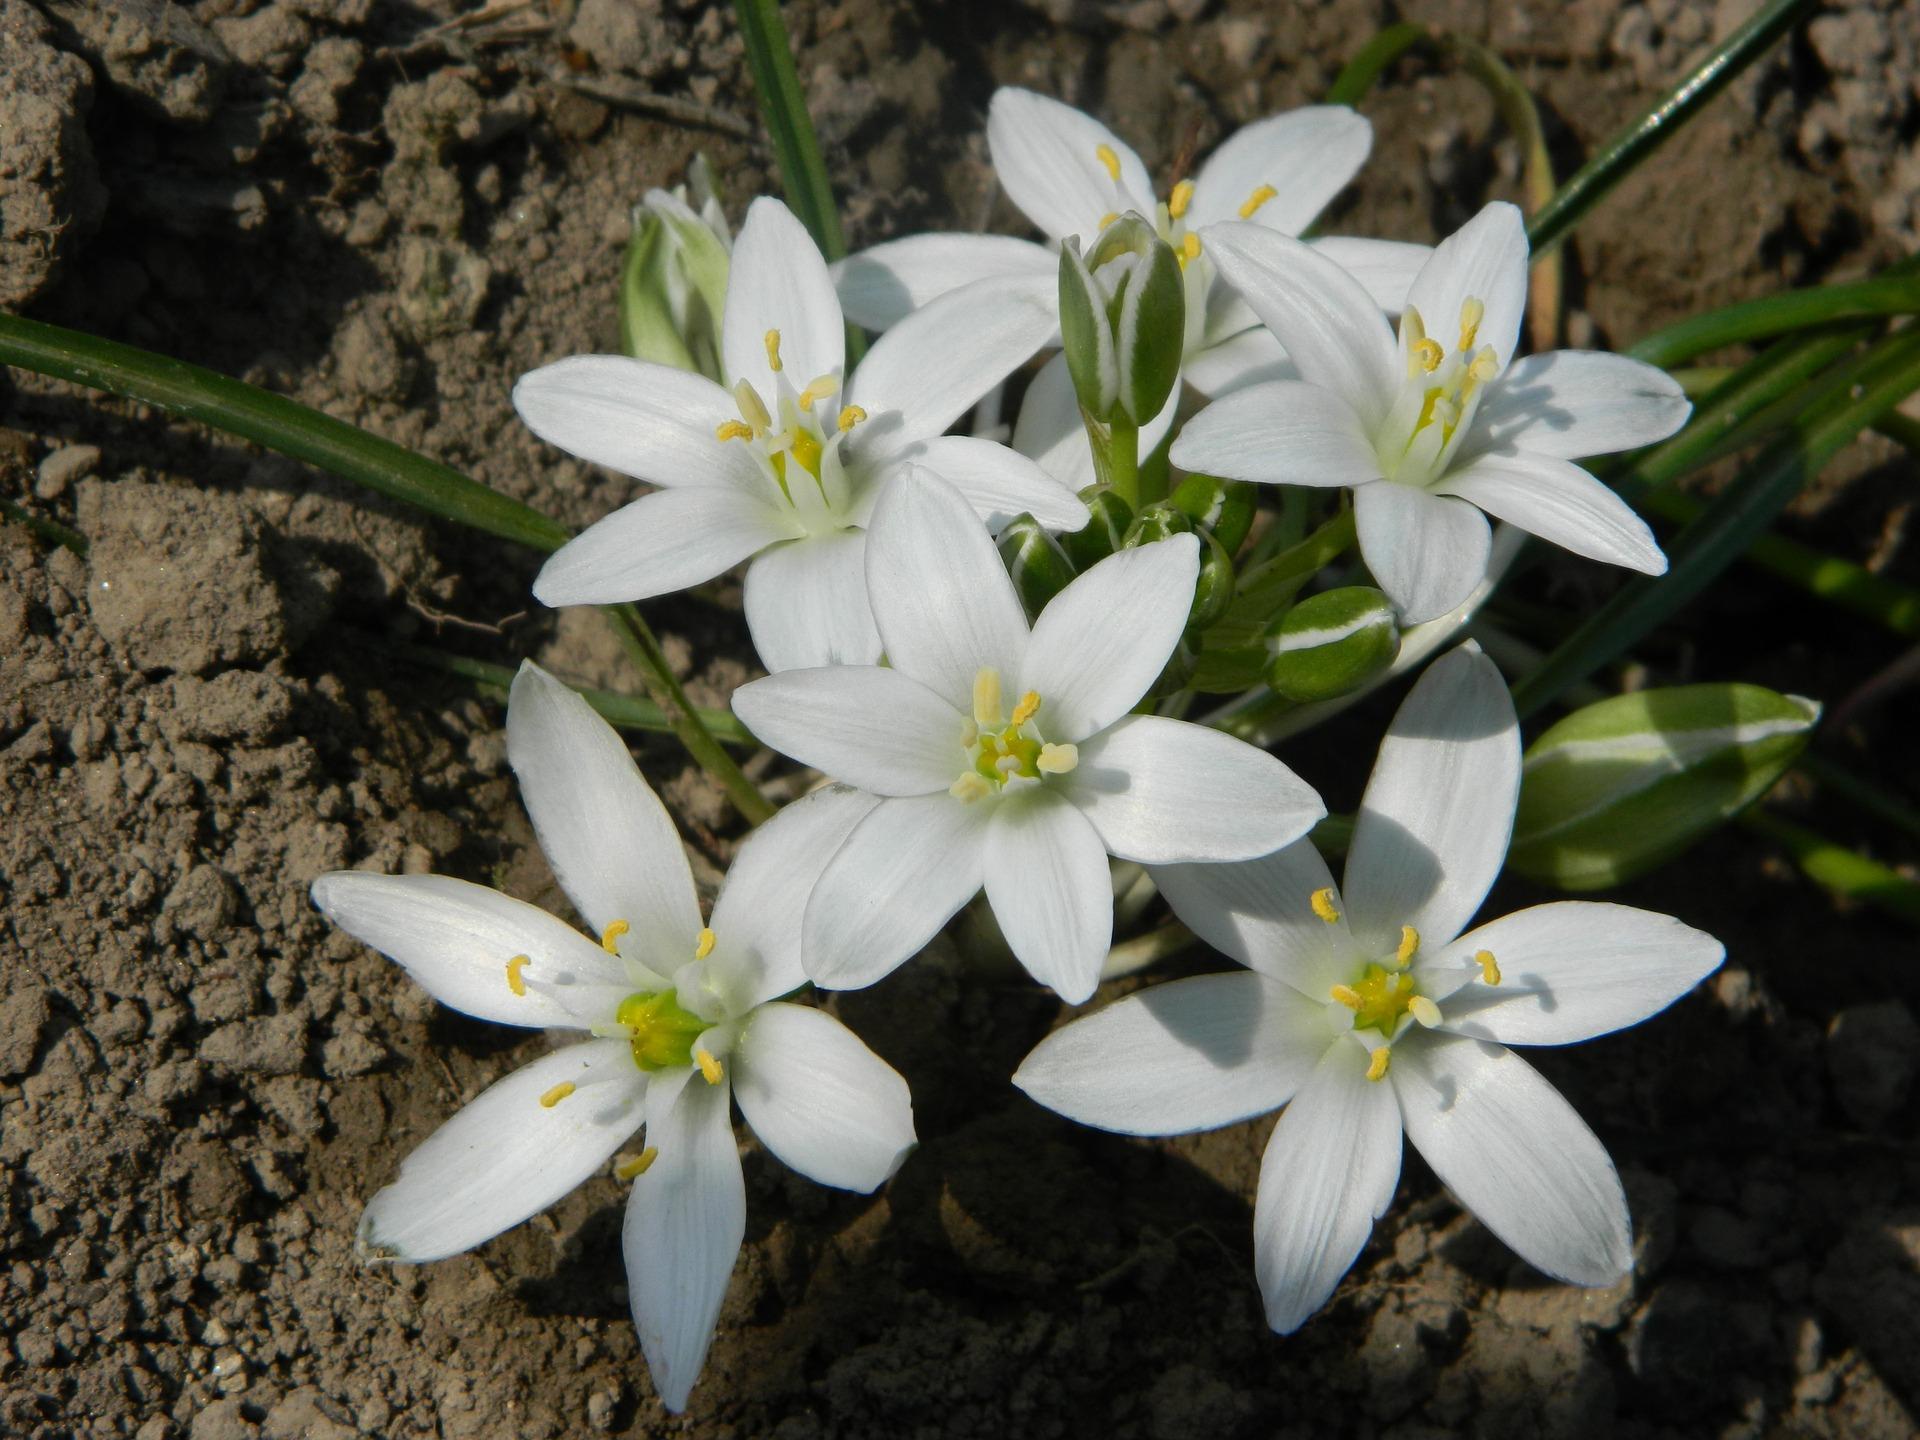 Star of Bethlehem - fiore (Ornithogalum - umbellatum)
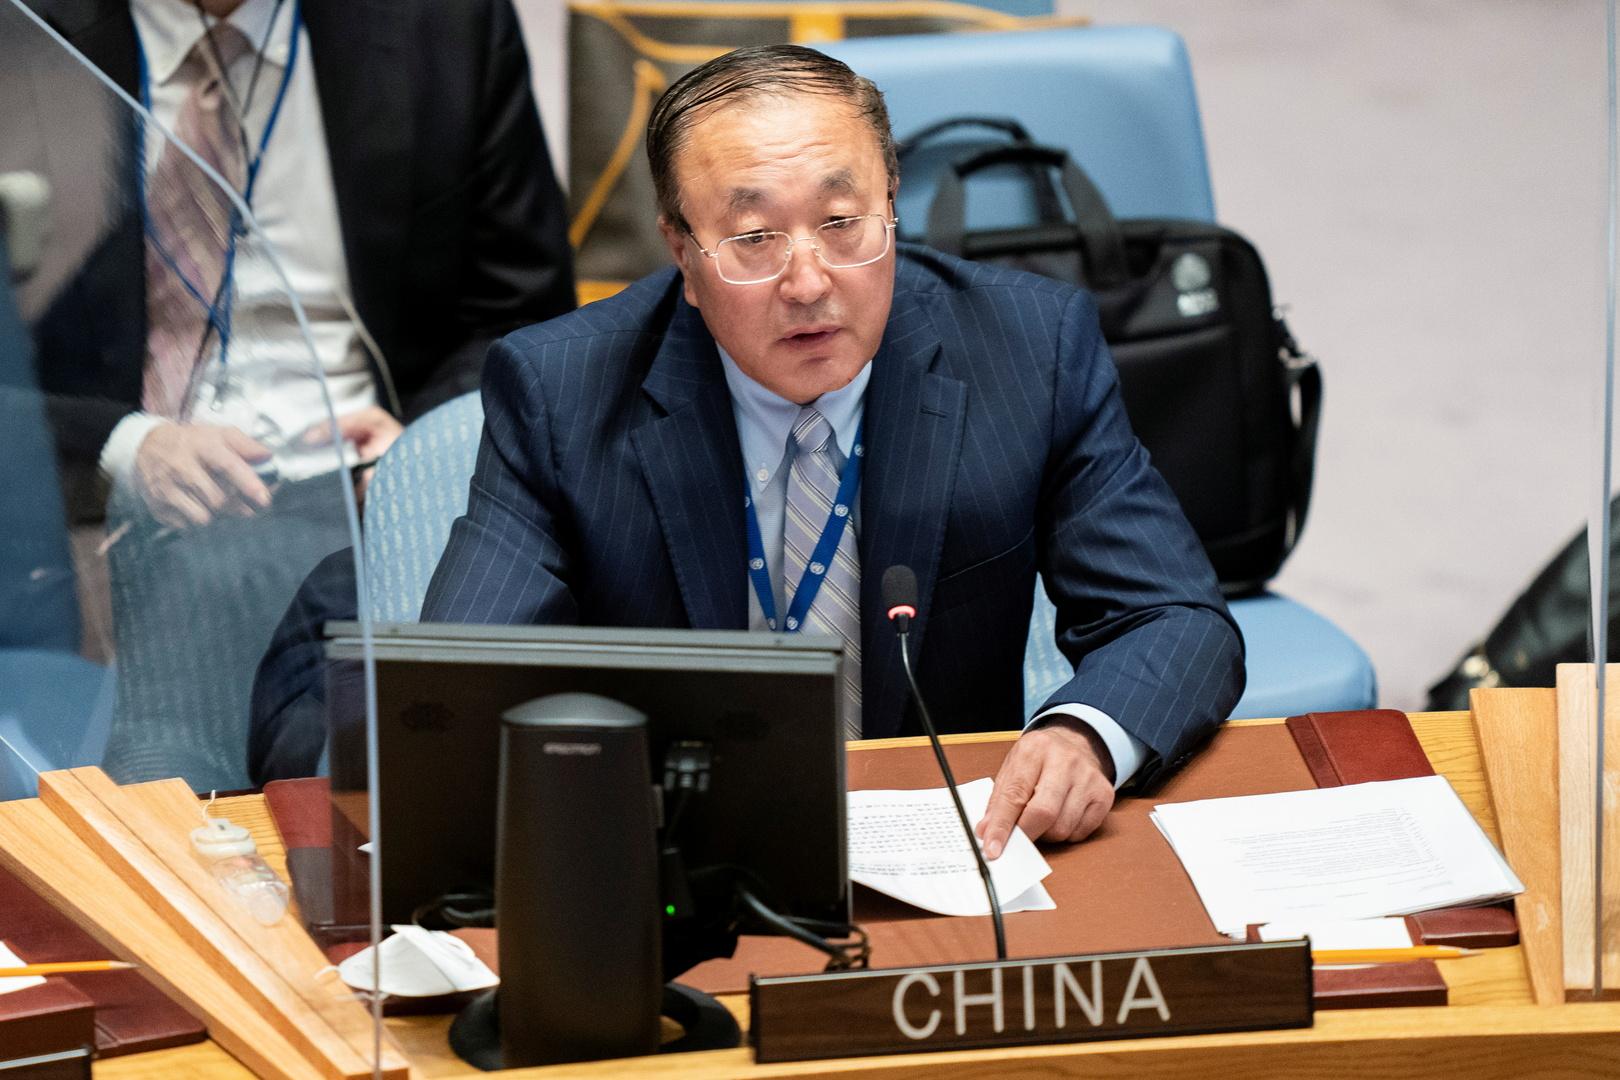 المندوب الصيني الدائم لدى الأمم المتحدة، تشانغ جيون
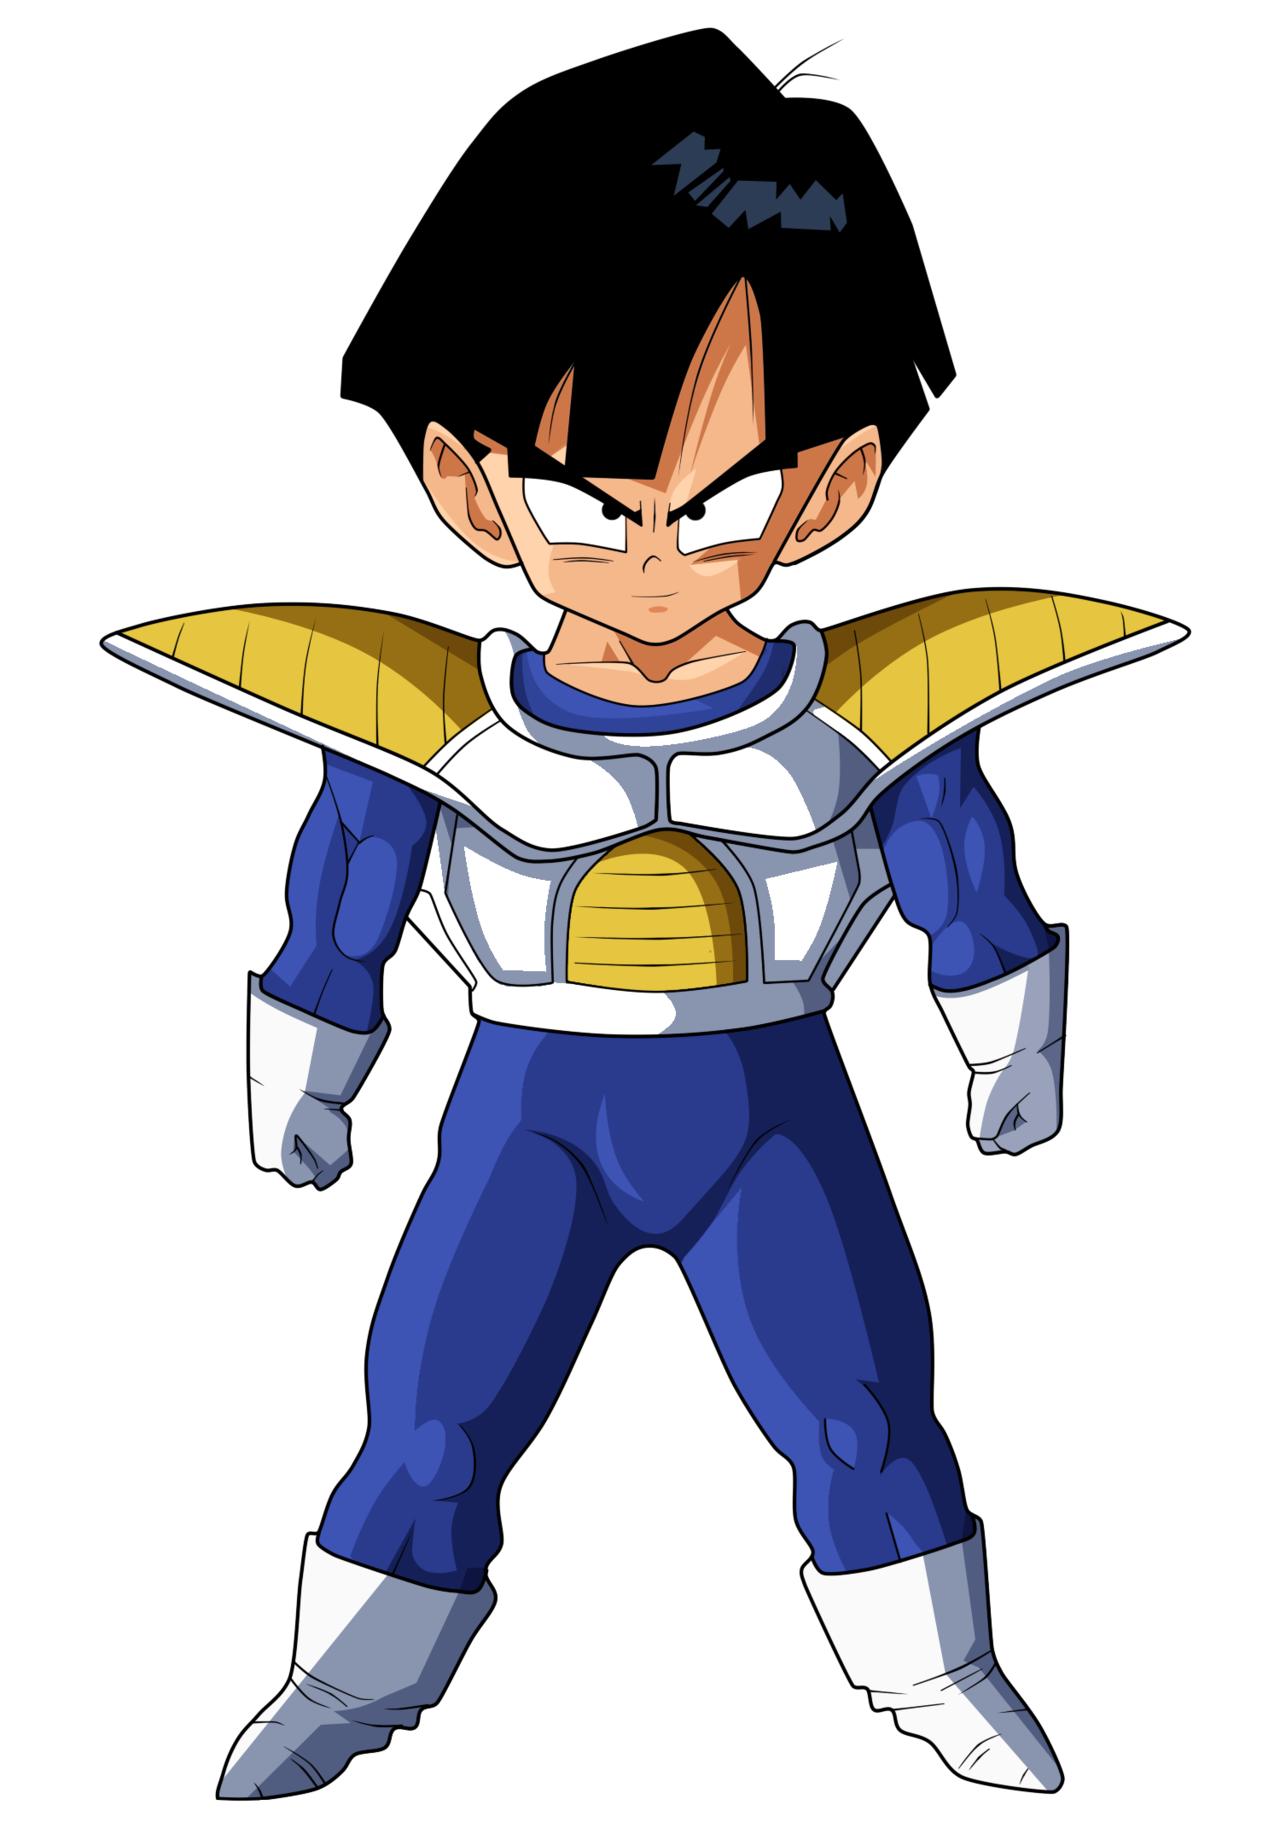 Gohan Namek (With images) Dragon ball z, Anime

> WHAT YOU NEED TO DO: Every line of the data above should be repeated exactly. Omit the pictures.

> RESPONSE:
 Star of Bethlehem - fiore (Ornithogalum - umbellatum)
 المندوب الصيني الدائم لدى الأمم المتحدة، تشانغ جيون
 Gohan Namek (With images) Dragon ball z, Anime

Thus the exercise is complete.